Fig. 2. Thermal characterization of the calorimeter.

Fig. 2

a Thermal conductance characterization (Gth) performed at a flow rate of 100 nl min−1: temperature rise (ΔTth) of the center of the sensing capillary tube as a function of the DC power input is plotted, resulting in Gth of ∼27 µW K−1 (magenta squares). The inset shows the temperature rise for sub-nW level inputs that result in a smaller temperature rise (0–40 µK). The data represent the mean value of four different measurements and the error bars represent the standard deviation (±SD). From the observed standard deviation of (±5 µK) we estimate a noise floor of ∼10 µK. b Validation of thermal resolution.
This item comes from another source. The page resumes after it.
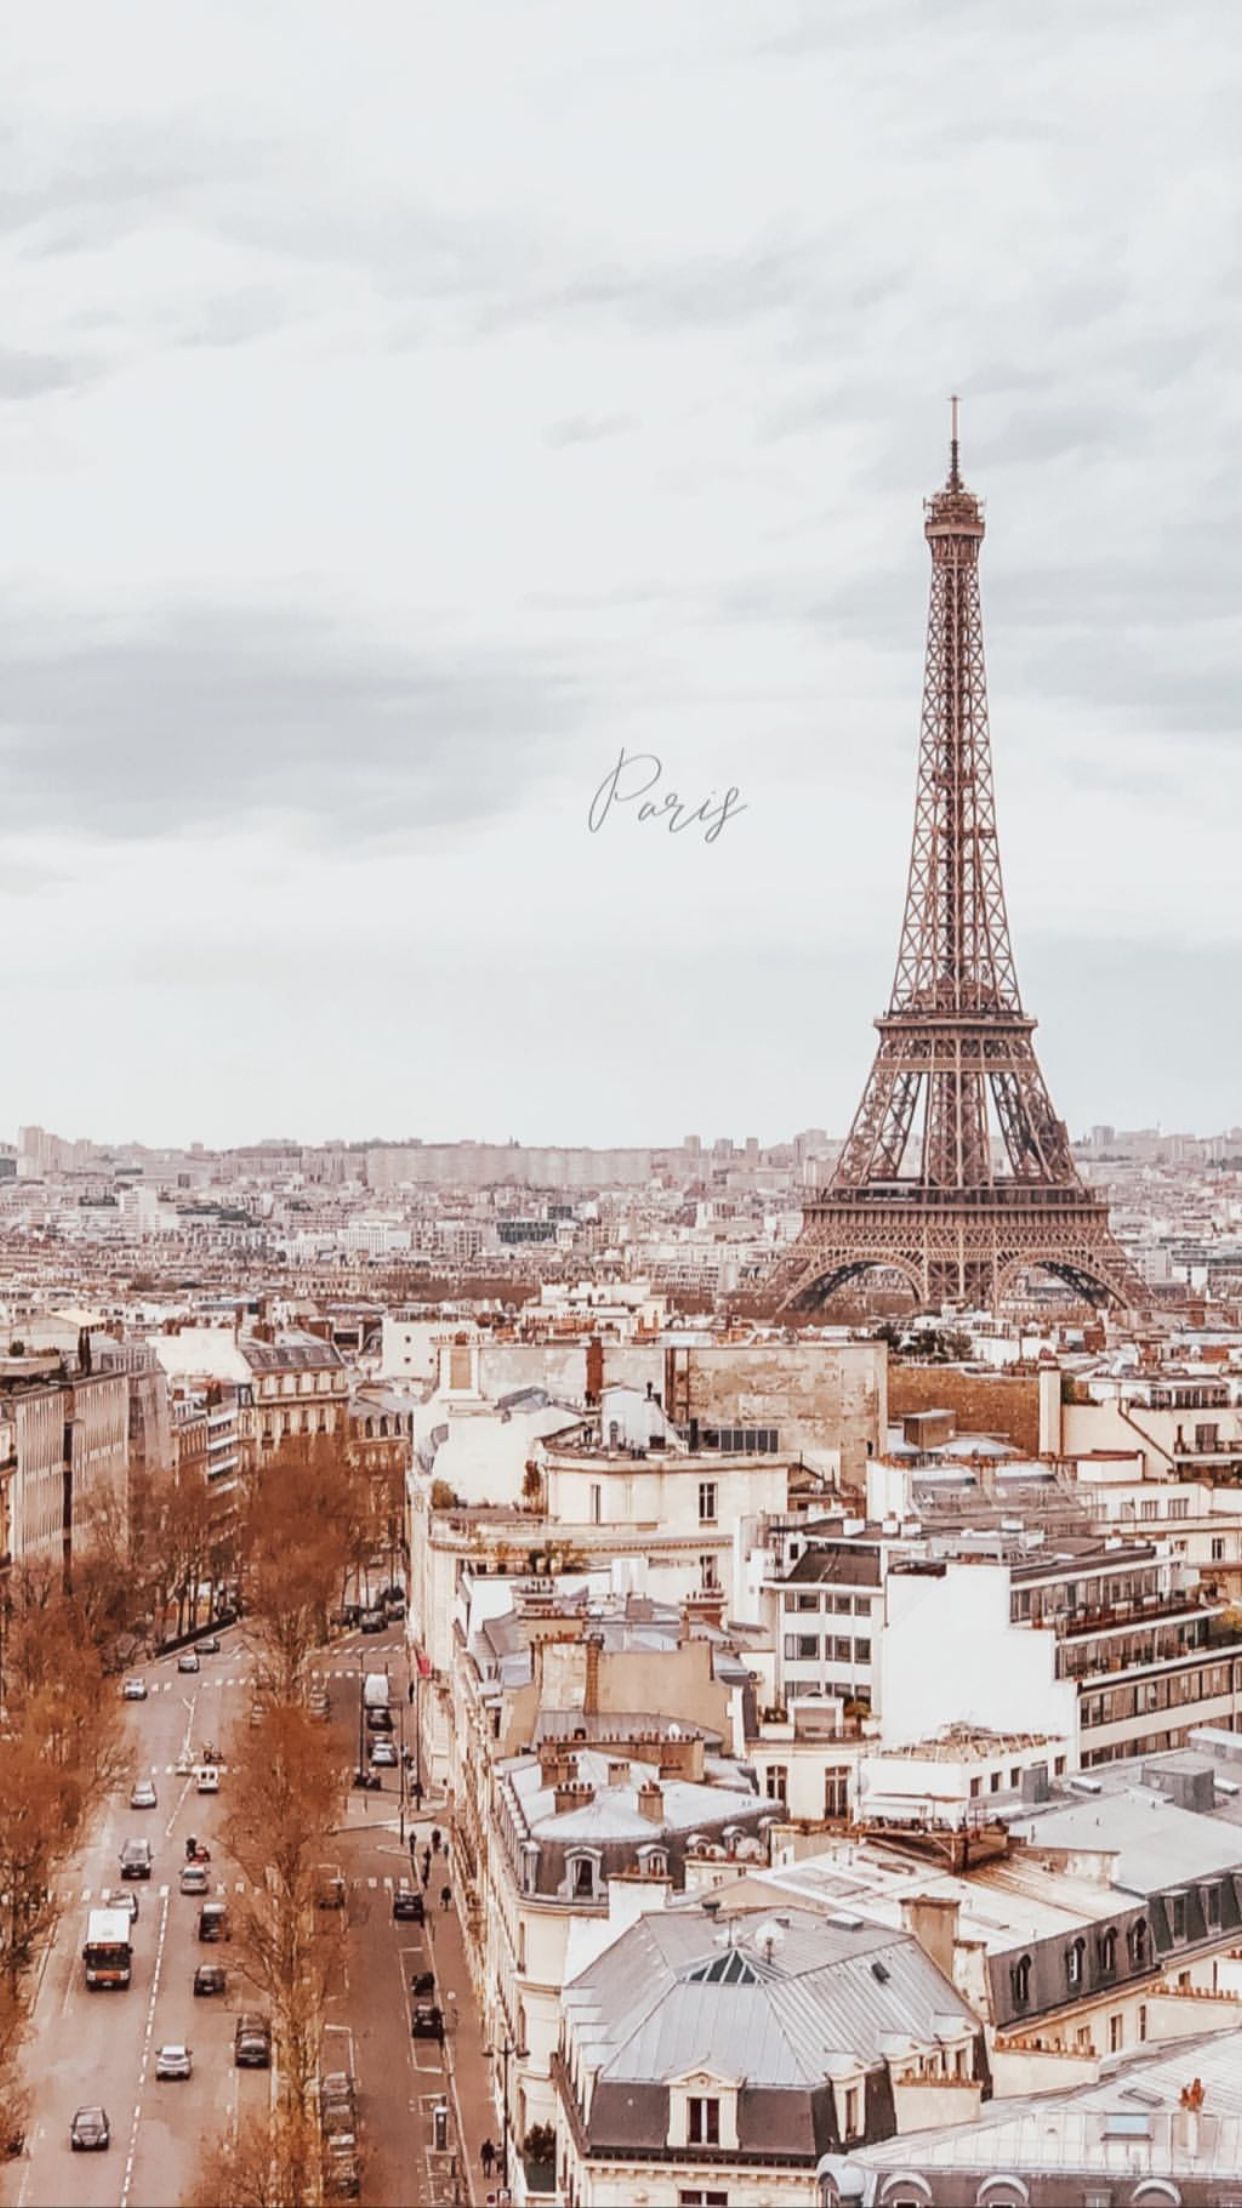 Paris wallpaper for phone and desktop backgrounds. Paris aesthetic for phone backgrounds. - Architecture, Eiffel Tower, Paris

A thermal pulse (purple solid line) with steps of 270 pW applied on the capillary (see Methods) resulted in a corresponding 10 µK rise on the temperature signal (green solid line), validating our calorimeter’s capability to resolve at least 270 pW (heat resolution). c Temperatures of both the capillaries (Tmat in solid black, Tsen in solid blue) without any sample in the sensing capillary tube are plotted for a 25-hour timespan, indicating fluctuations of ±5 µK in the differential signal (Tth in solid magenta). A 2 hour window (blue box) clearly shows that Tmat follows Tsen, indicating a common-mode radiative coupling to the outer shield. d Time constant of the sensing capillary tube. A square thermal pulse (purple solid line) in steps of ~27 nW results in a first order temperature response with a time constant of ~1.5 min.